These statistical methods are referred to as cluster analysis or statistical classification. The second term is preferred, because a cluster, from its astronomical origin, tends to connote a crowd of points close together in space, but a class is a set of objects assembled together for any kind of reason, and so the more general term classification is to be preferred. Part of the reason for the narrower term cluster analysis is that the term classification was once used in Statistics to refer to discriminant analysis. In discriminant analysis, a classification rule is developed for placing a multivariate observation into one of a number of established classes, using the joint distribution of the observations and classes. These problems are regression problems: the variable to be predicted is the class of the observations. For example, logistic regression is a method for discriminant analysis with two classes. More recently, classification in statistics has come to refer to the more general problem of constructing families of classes, a usage which has always been accepted outside of statistics.

1. Algorithms

The first book on modern clustering techniques is Sokal and Sneath (1963). The most comprehensive recent review of a huge diverse literature is Arabie et al. (1996) which includes in particular an excellent survey of algorithms by Arabie and Hubert and of probabilistic methods by Bock.

A classification consists of a set of classes; formal clustering techniques have been mainly devoted to either partitions or hierarchical clustering (see, however, the nonhierarchic structures in Jardine and Sibson 1968 and the block clusters in Hartigan 1975).

1.1 Partitions

A partition is a family of classes, sets of objects with the property that each object lies in exactly one class of the partition. Ideal-object partitions are constructed as follows. Begin with a set of given objects, a class of ideal objects, and a numerical dissimilarity between any given object and any ideal object. A fitted ideal object is associated with each class having minimum sum of dissimilarities to all given objects in the class.

The algorithm aims to determine k ideal objects, and a partition of the objects into k classes, so that the dissimilarity between an object and the fitted ideal object of its class, summed over all objects, is minimized. The usefulness of such a clustering is that the original set of objects is reduced with small loss of information to the smaller set of fitted ideal objects. Except in special circumstances, it is impracticable to search over all possible partitions to minimize the sum of dissimilarities; rather some kind of local optimization is used instead.

For example, begin with some starting partition, perhaps chosen randomly. First fit the ideal objects for a given partition. Second reallocate each object to the class of the fitted ideal object with which it has smallest dissimilarity. Repeat these two steps until no further reallocation takes place. The k-means algorithm, MacQueen (1967), is the best known algorithm of this type; each object is represented by a point in pdimensional space, the dissimilarity between any two points is squared euclidean distance, and the ideal object for each class is the centroid of the class. Asymptotic behaviour of the k-means algorithm is described in Pollard (1981).

1.2 Hierarchical Clustering

Hierarchical clustering constructs trees of clusters of objects, in which any two clusters are disjoint, or one includes the other. The cluster of all objects is the root of the tree.

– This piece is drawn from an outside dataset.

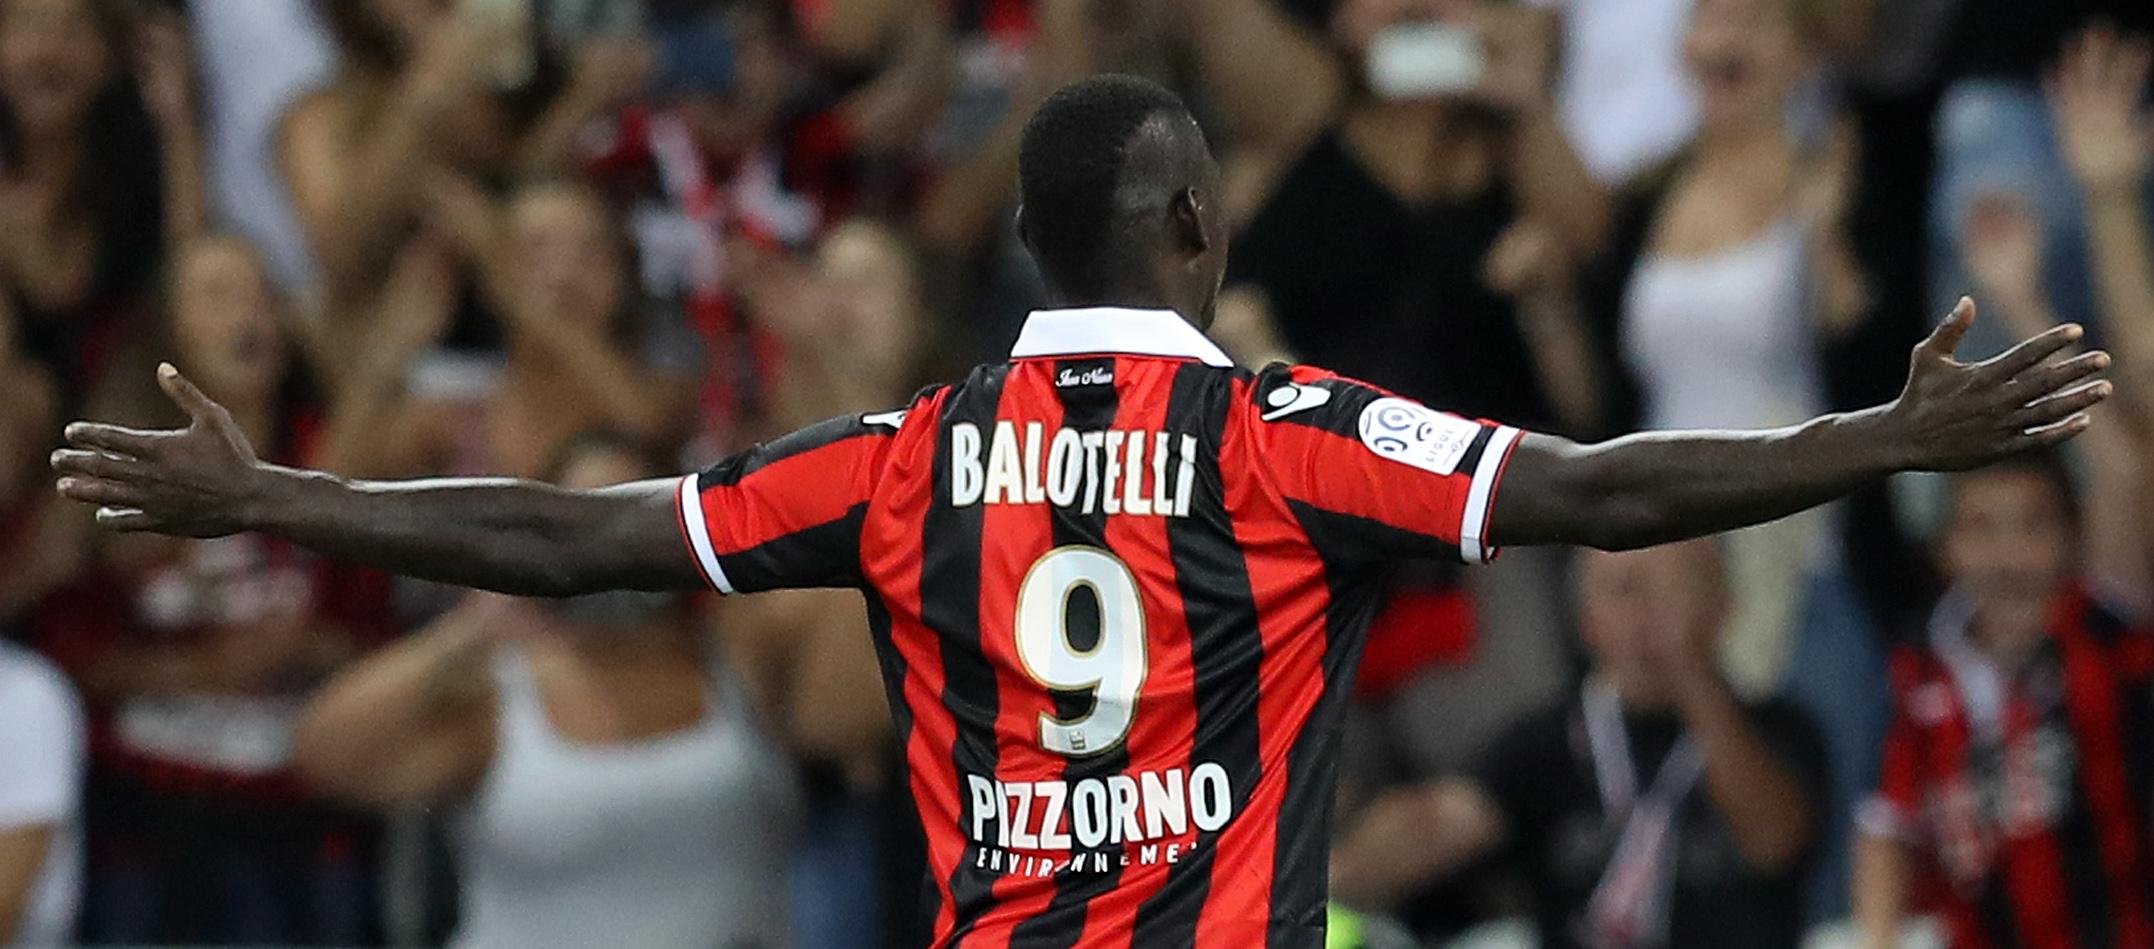 Hyper Mario Balotelli 2.0, ou la régalade au ralenti
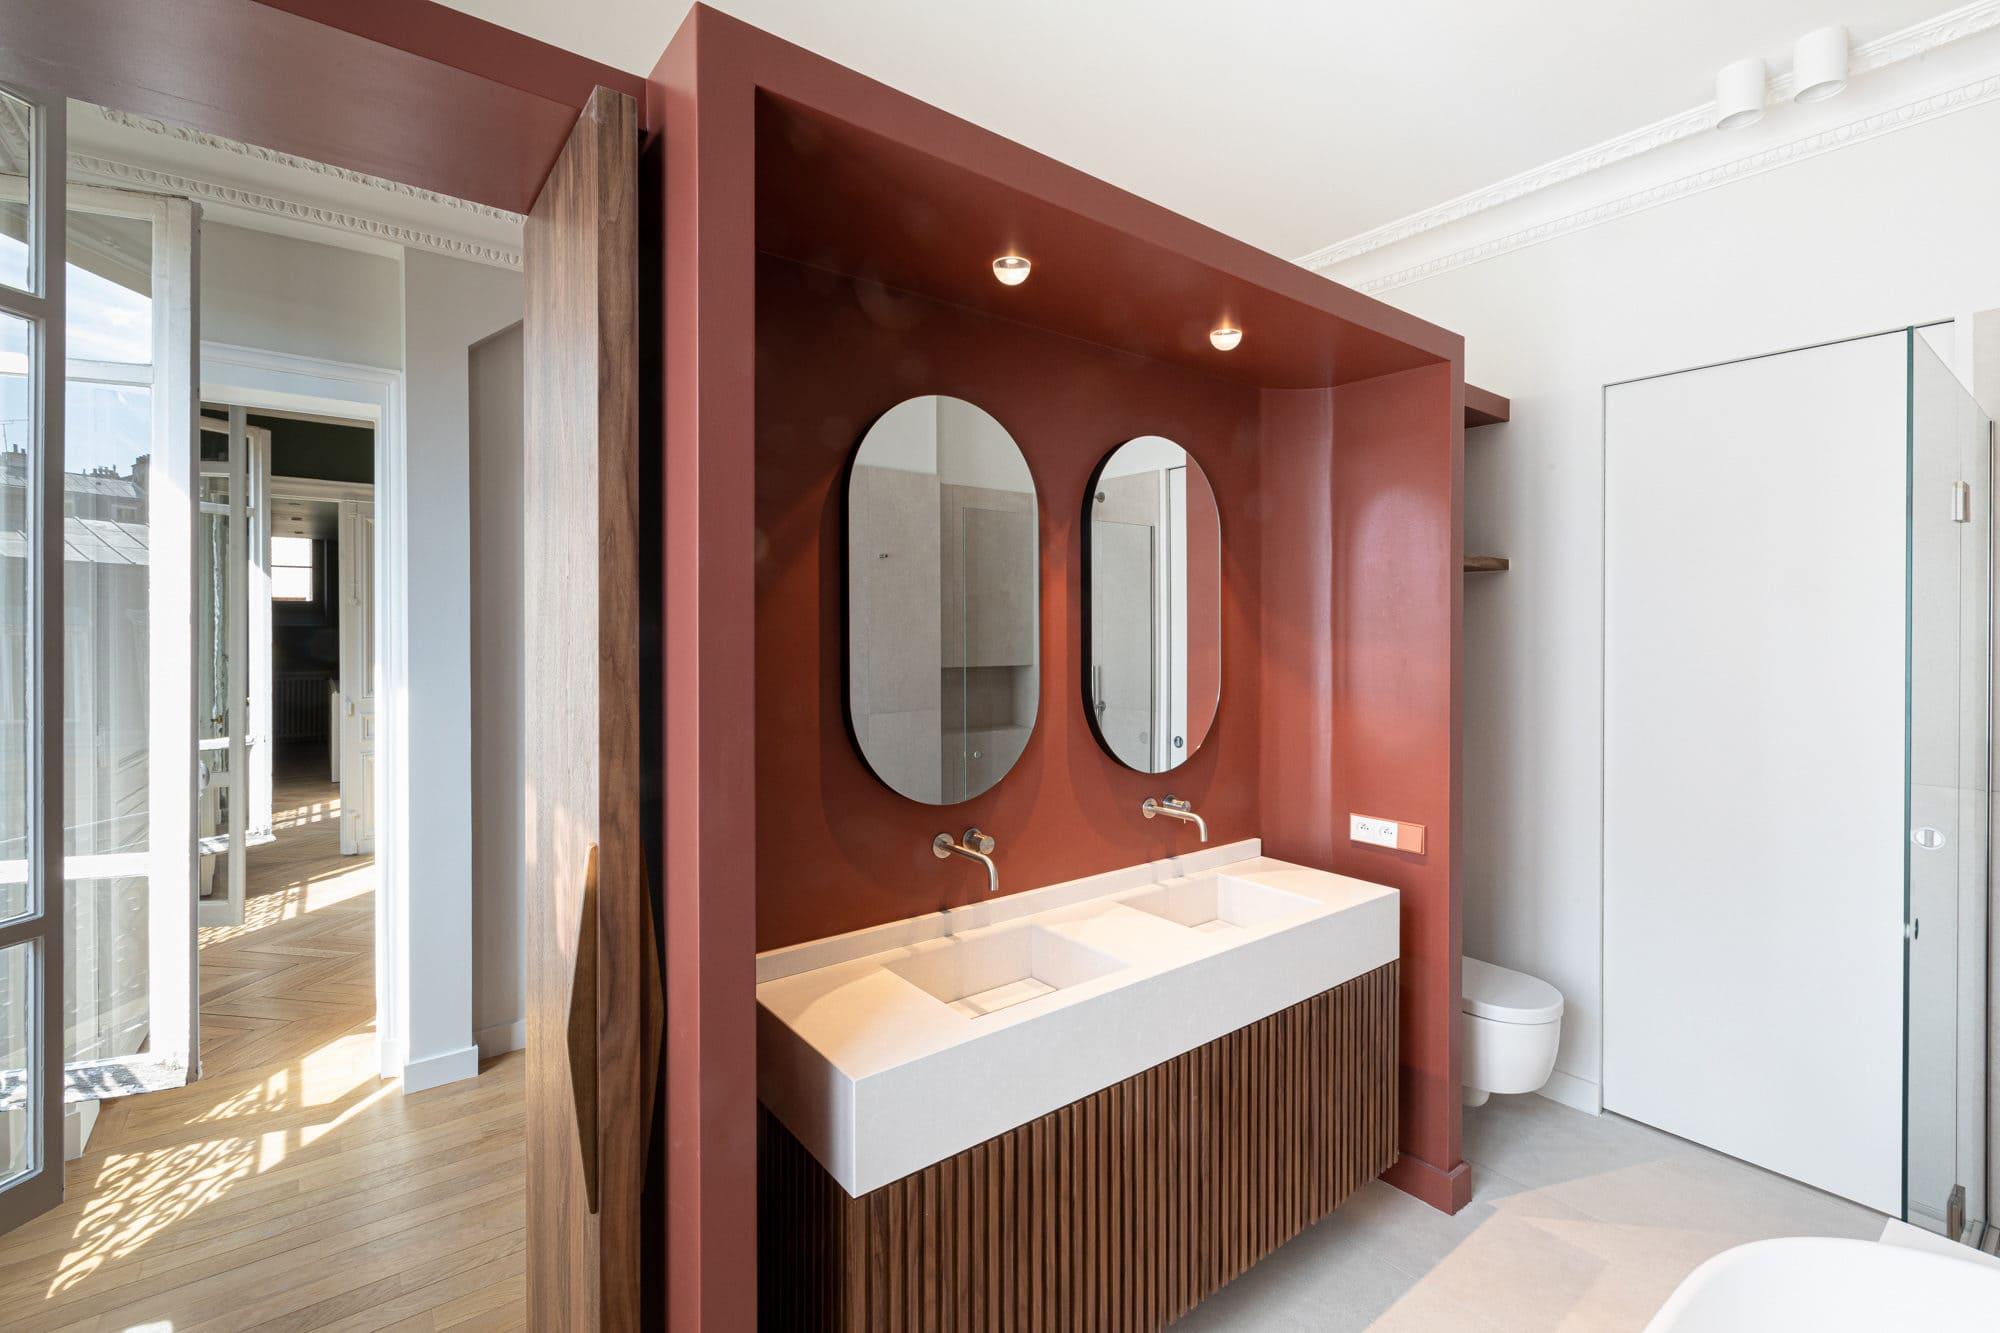 Mise en lumière d'une salle de bain haut de gamme

Agglomerative algorithms, Lance and Williams (1967), require a definition of dissimilarity between clusters; the most common ones are maximum or complete linkage, in which the dissimilarity between two clusters is the maximum of all pairs of dissimilarities between pairs of points in the different clusters; minimum or single linkage or nearest neighbor, Florek et al. (1951), in which the dissimilarity between two clusters is the minimum over all those pairs of dissimilarities; and average linkage in which the dissimilarity between the two clusters is the average, or suitably weighted average, over all those pairs of dissimilarities.

Agglomerative algorithms begin with an initial set of singleton clusters consisting of all the objects; proceed by agglomerating the pair of clusters of minimum dissimilarity to obtain a new cluster, removing the two clusters combined from further consideration; and repeat this agglomeration step until a single cluster containing all the observations is obtained. The set of clusters obtained along the way forms a hierarchical clustering.

1.3 Object Trees

A different kind of tree structure for classification is a graph on the objects in which pairs of objects are linked in such a way that there is a unique sequence of links connecting any pair of objects. The minimum spanning tree, Kruskal (1956), is such a graph, constructed so that the total length of links in the tree is minimized. There may be more than one such optimal graph. The minimum spanning tree is related to single linkage clusters: begin by removing the largest link, and note the two sets of objects that are connected by the remaining links, continue removing links in order of size, noting at each stage the two new sets of objects connected by the remaining links. The family of connected sets obtained throughout the removal process constitutes the single linkage clusters.

In a Wagner tree, the given objects are end nodes of the tree, and some set of ideal objects are the possible internal nodes of the tree. A Wagner tree for the given objects is a tree of minimum total length in which the given objects are end nodes and the internal objects are arbitrary. A Wagner tree is a minimum spanning tree on the set of all objects and the optimally placed internal nodes. This tree has application in evolutionary biology as the most parsimonious tree reaching the given objects (Fitch and Margoliash 1967).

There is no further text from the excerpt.